Starvation, a prolonged lack of food, triggers complex metabolic adjustments to ensure survival. This occurs when energy intake falls below the level required for basic bodily functions. The body prioritizes and switches between different internal fuel sources, adapting its metabolism to conserve energy and sustain essential processes. This allows humans to endure periods without food by strategically utilizing stored nutrients.
Immediate Energy Reserves
In the initial hours of insufficient food intake, the body first uses glucose, its most readily available energy source. Glucose is primarily stored as glycogen, a complex carbohydrate, in the liver and muscles. Liver glycogen maintains stable blood glucose levels for the brain and red blood cells. Muscle glycogen fuels the muscles for local activity.

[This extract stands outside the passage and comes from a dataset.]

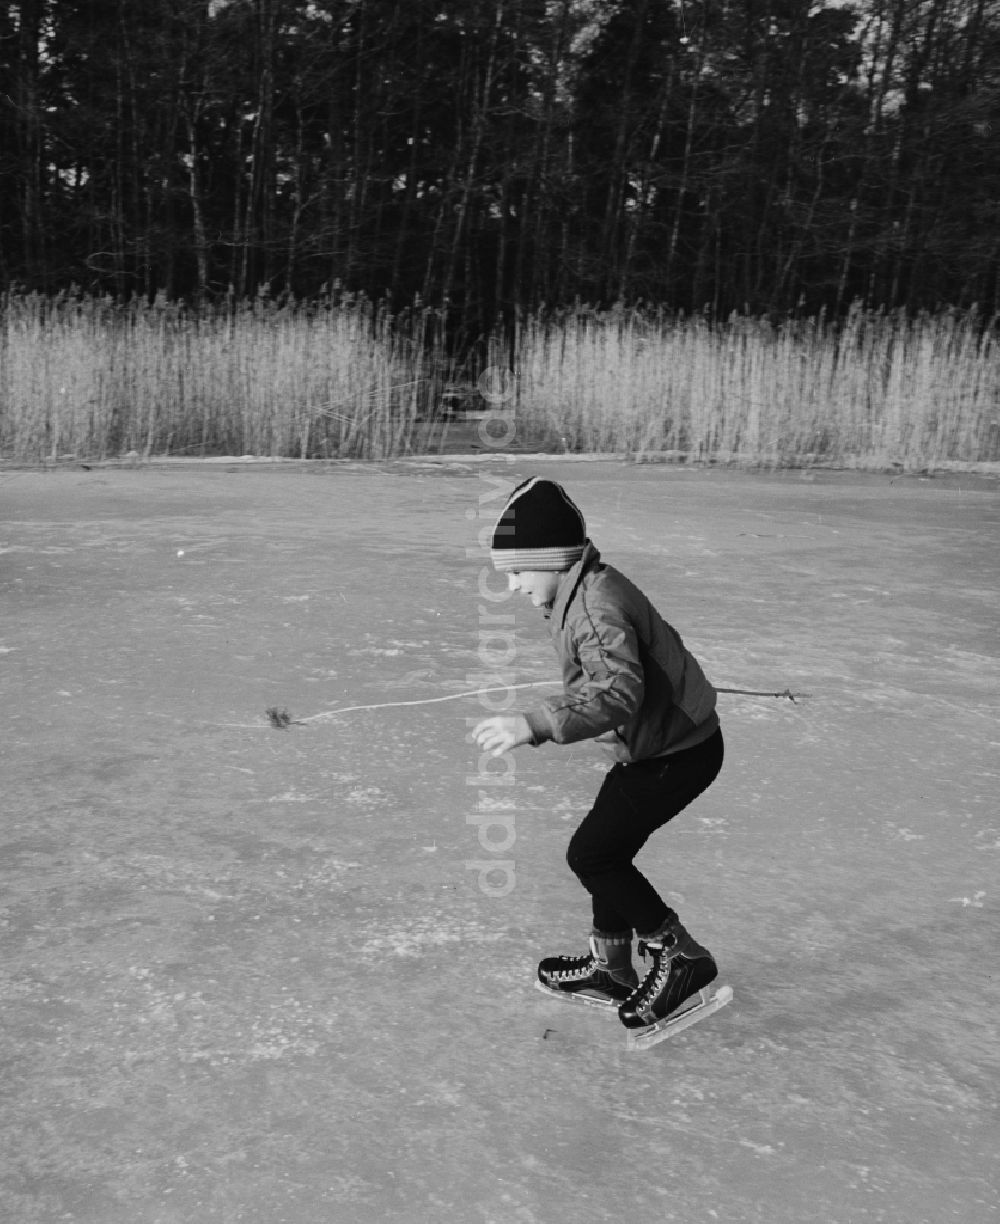 DDR-Bildarchiv: Grünheide (Mark) - Junge beim Schlittschuhlaufen auf einem zugefrorenen See in Grünheide (Mark) im heutigen Bundesland Brandenburg

These limited glycogen reserves typically deplete within 24 to 48 hours of continuous food deprivation. Once liver glycogen stores are exhausted, the body must find alternative ways to produce glucose for the brain and other glucose-dependent tissues. This depletion marks a significant metabolic shift, moving the body beyond its immediate carbohydrate reserves.
The Shift to Fat Metabolism
As glycogen stores diminish, the body transitions to using fat as its primary energy source. Fat is stored in adipose tissue as triglycerides, which are highly efficient energy reserves. These triglycerides break down into fatty acids and glycerol for energy production. Fatty acids become the main fuel for most tissues, sparing any remaining glucose for the brain.
During this stage, ketogenesis occurs in the liver. When glucose is scarce, the liver converts fatty acids into ketone bodies (e.g., acetoacetate, beta-hydroxybutyrate). These water-soluble molecules cross the blood-brain barrier, providing an alternative fuel source for the brain and other organs that typically rely on glucose. This adaptation reduces the brain’s reliance on glucose, thereby conserving protein stores. Ketone bodies typically become a significant brain fuel after two to three days of fasting, with levels rising during prolonged food deprivation.
Protein Breakdown: A Critical Stage
While fat serves as the primary energy source during starvation, the body eventually breaks down its own protein when fat reserves become severely low. This process primarily affects muscle tissue, which is a substantial protein reservoir. Amino acids released from muscle protein are transported to the liver for gluconeogenesis, converting them into new glucose molecules.
This glucose is essential for functions that cannot readily use fat or ketones, such as certain brain cells and red blood cells. While this mechanism helps maintain glucose levels, it comes at the expense of muscle mass. The breakdown of protein leads to muscle wasting, impacting physical strength and overall bodily function. This stage signifies deeper energy depletion, as the body sacrifices functional tissue to sustain life-sustaining processes.
Body’s Adaptations to Prolonged Starvation
The body implements broader physiological adaptations to cope with prolonged starvation. A decrease in the metabolic rate reduces overall energy expenditure to conserve resources. This slowdown affects various bodily functions, contributing to lethargy and reduced activity.
Hormonal changes also orchestrate these metabolic shifts. Insulin levels, which promote energy storage, decrease, while hormones like glucagon, epinephrine, norepinephrine, and cortisol, which mobilize stored energy, increase. Thyroid hormone levels also tend to decrease, further reducing the metabolic rate. These adjustments prioritize energy distribution, ensuring organs with stringent glucose requirements, such as the brain, receive a sustained supply, even if other tissues adapt to alternative fuels.